The original three-issue limited series cost you all of a $2.25. That’s right, it was 75 cents an issue to read Indy’s latest adventure. The adaptation was written by David Michelinie (see work) and the penciler was Jackson Guice (see work). It was published from September to November of 1984. I found it strange that they waited to so long to release the comic. The irony is with that much time between the film’s release and the comic’s, it would have coincided with the home entertainment release. Were they worried about spoilers? Why not just release it in May for a tease and July to finish it off? It was different time. There was just a film to worry about and not the media marketing machine that we have today. That alone reminded that this was a simpler time and I should kick back for some fun.
Immediately there are differences in reading the Temple of Doom comic. The first being we learn the cost of insulting Indy. In the film, Lao Che’s son is shown to have a bandaged hand for his attempt at trying to steal Nurhachi from Indy. In the comic, we learn that Indy actually cut off one his fingers. A pretty gruesome detailed revealed, but this story is riddled with them. Yet in the comic, there is no ripping out of the heart and several other characters meet different ends. I found the difference in violence odd as the film was rated PG (not PG-13, do your homework) and showed a lot of crazy things. The comic cut out the big iconic moments that we associate with Temple of Doom. It would have been one thing to save them for the film in an early release of the comic, but the film had been out for months.
Now for those Willie haters reading, she is subdued here. We do learn how she got to Shanghai, but she is pretty much just the damsel in distress for three issues. The two major character changes in the comic are Short Round and Mola Ram. I know that Short Round is not a universally liked fan favorite. However, he is Indy’s salvation in the film. Without that personal stake and someone who believed in him, the world would be run by the Thugee. In the comic many of his best lines are gone or given to Indy. It’s almost as if he is there to burn Indy, wake him up, and then go back to the shadows. By the end, he is reduced to simple one liners.

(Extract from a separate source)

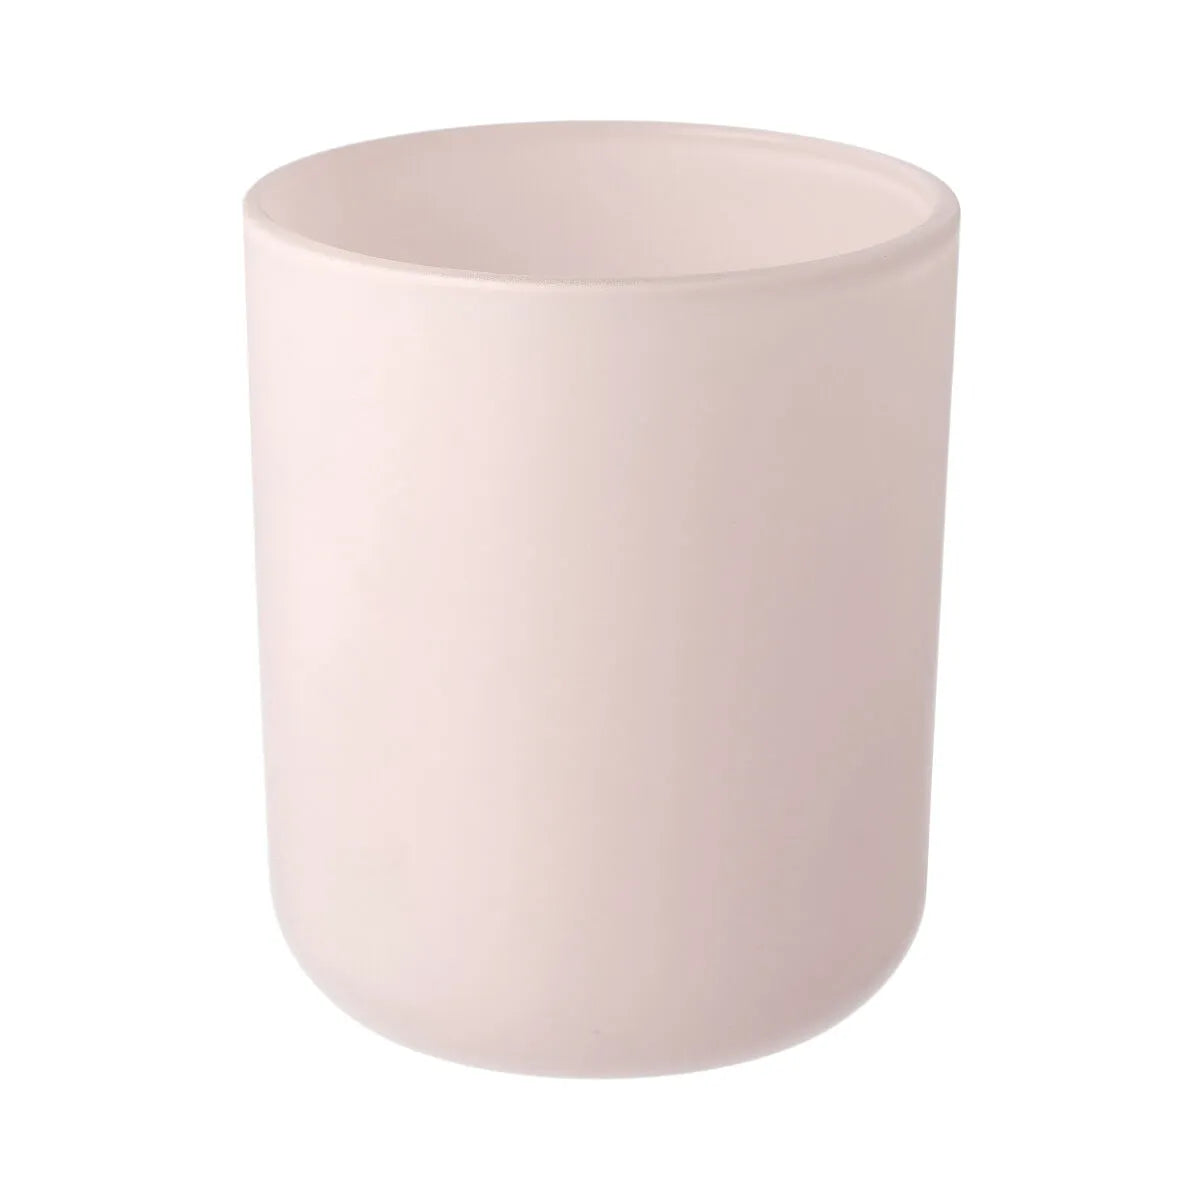 Very Vanilla Large Soy Candle

Mola Ram also has his character cut from him. It does say something about the presence Amrish Puri brought to the role. He was terrifying and brought a true evil to the screen. I believe this fault falls on penciler Jackson Guice. Never once does Guice give the character a panel to have him stand out. The terror of Mola Ram is non-existent and his character is about as menacing as the numerous guards Indy encounters.

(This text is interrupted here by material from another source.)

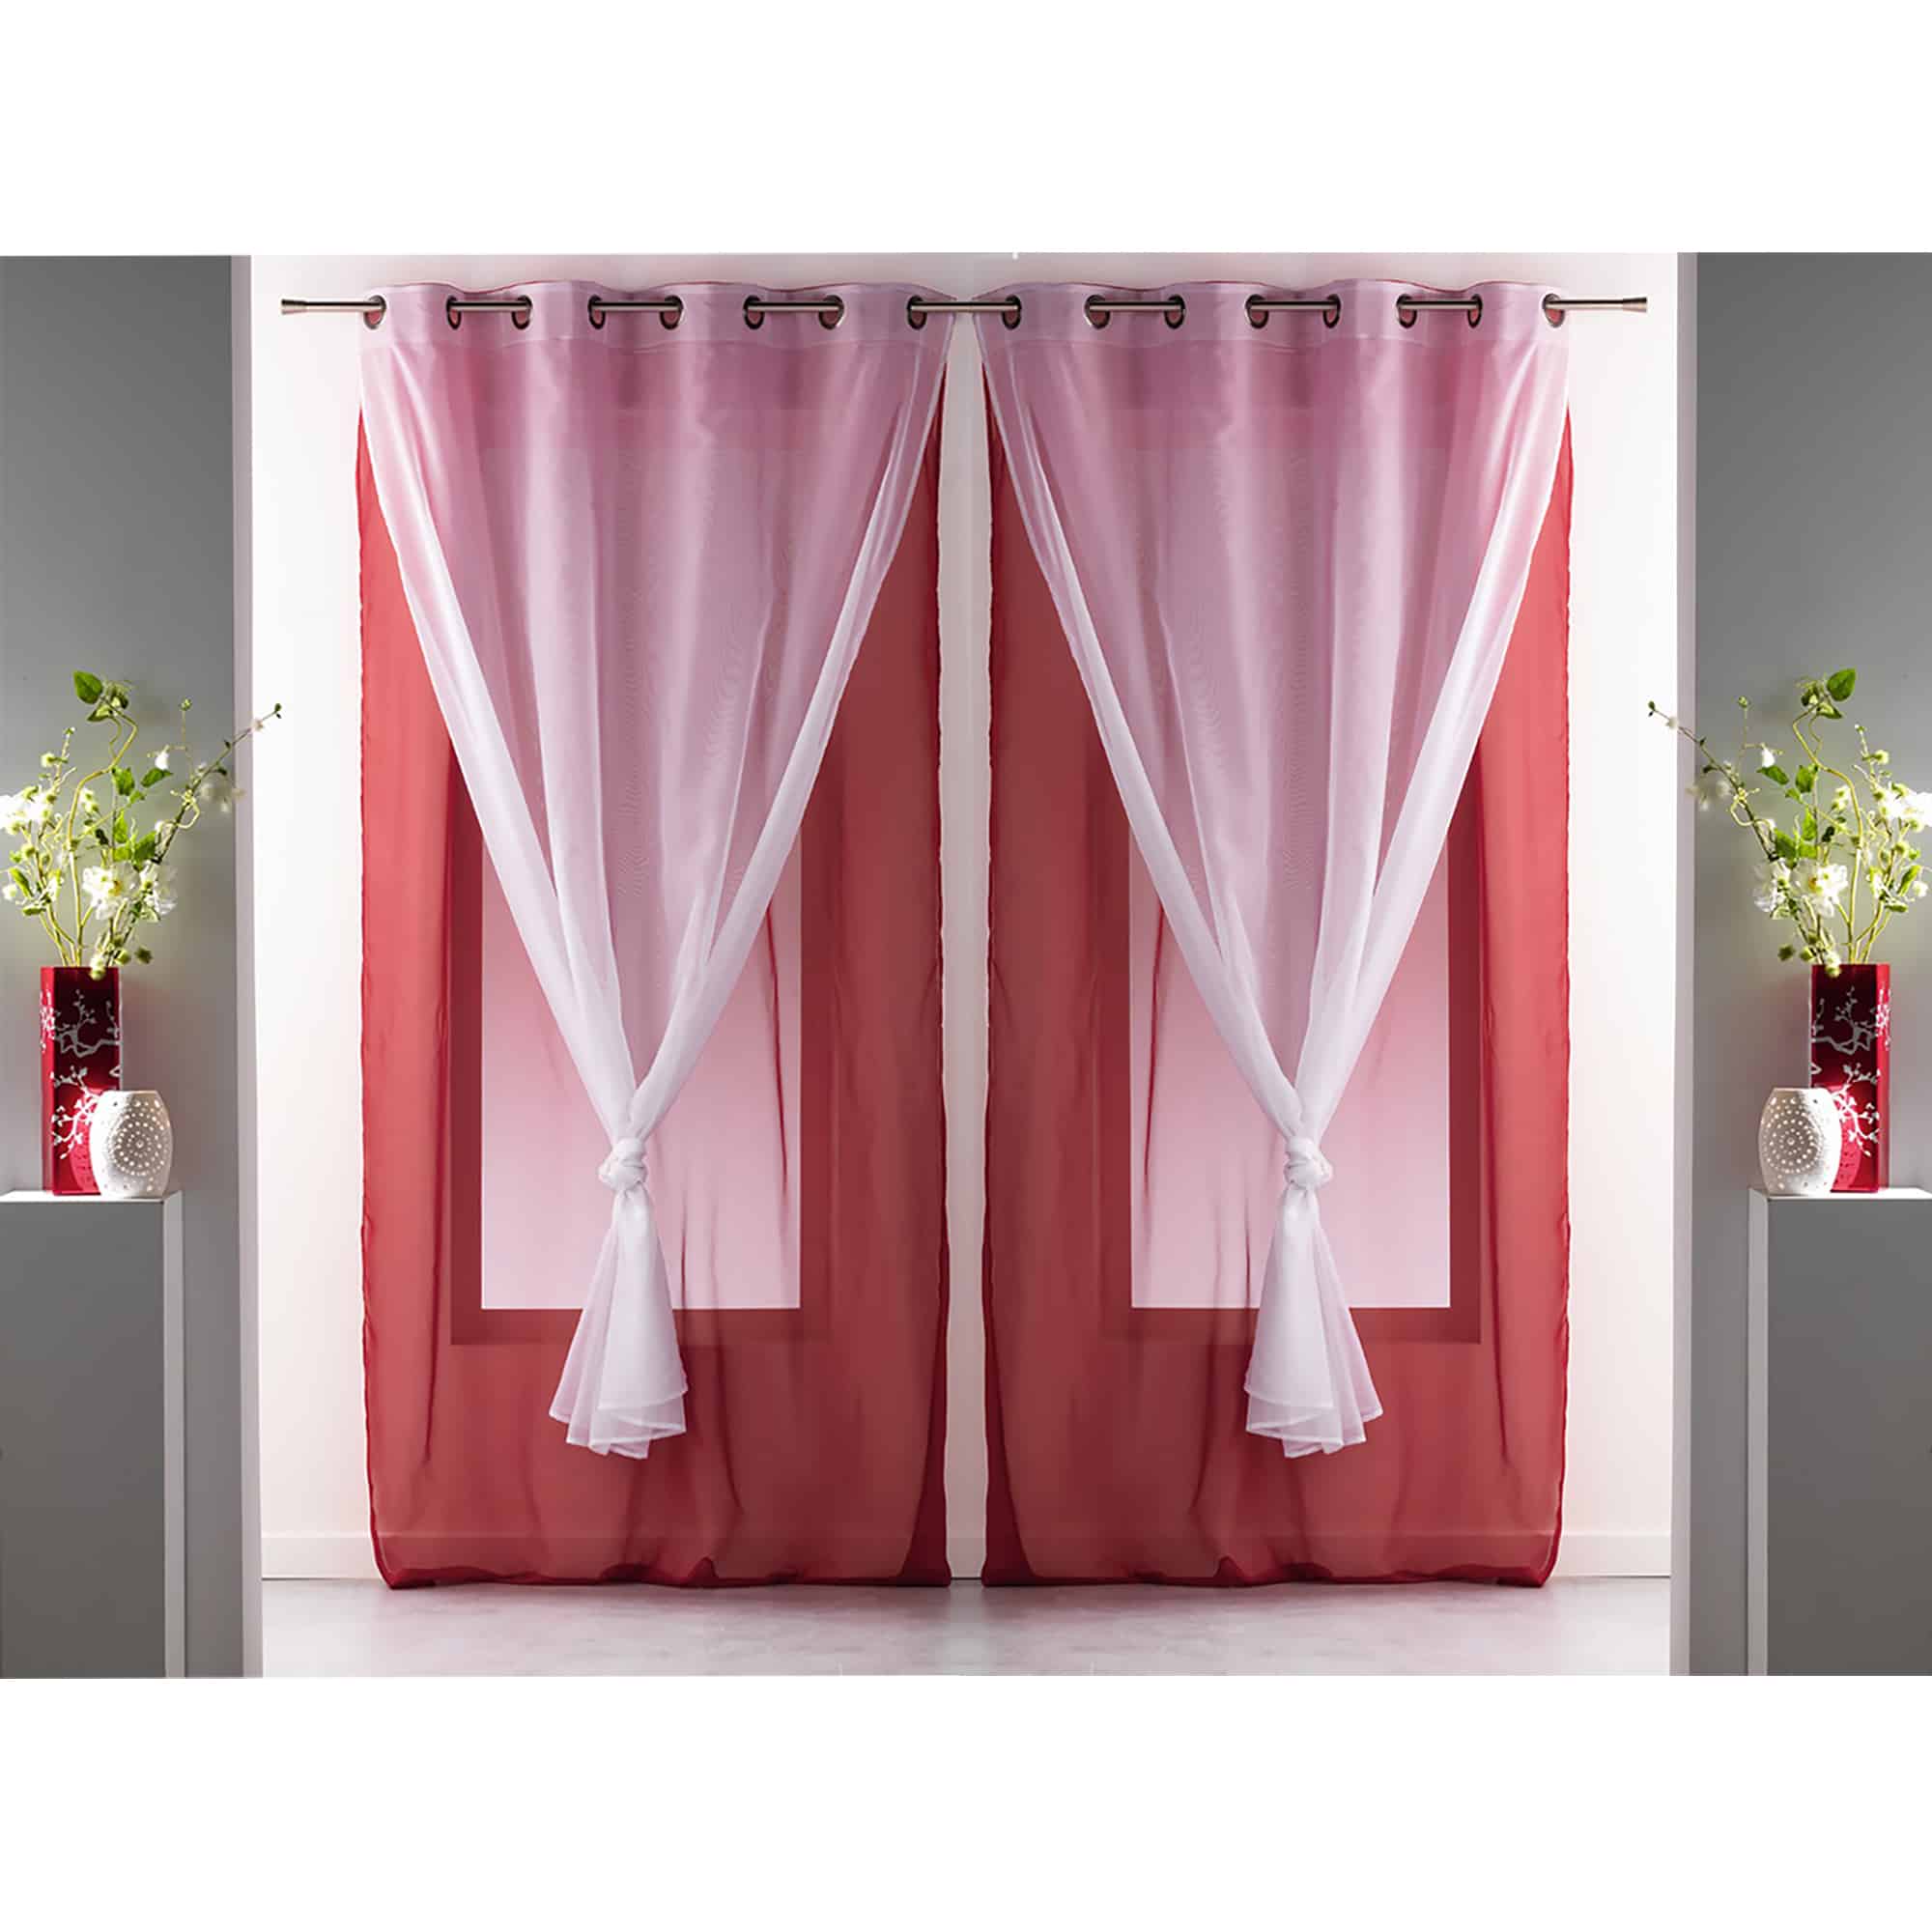 double sheer curtains solid 2 colors red white set of 2 panels for large window

It’s fun to venture back and see how much comics, movies, even marketing have changed. On occasion, we do have comic adaptations of movies. Today though, even Marvel and DC know how quickly those books end up in the bargain bin. Prequel comics or preludes are now the motif for comics and their movie counterparts. I would have loved to read three individual prelude stories for Indiana Jones and the Temple of Doom. To start with a story on how Indy, Short Round, and Wu Han met each other would have been great, followed by how Indy got the remains of Nurhachi. The third and last story would have been why the Sultan of Madagascar was going to cut off Indy’s “head”. None of these would have spoiled the film. This limited edition comic wasn’t even the Cliff Notes of the movie or the G-Rated cut. A shame really because it was a wasted opportunity for some great storytelling.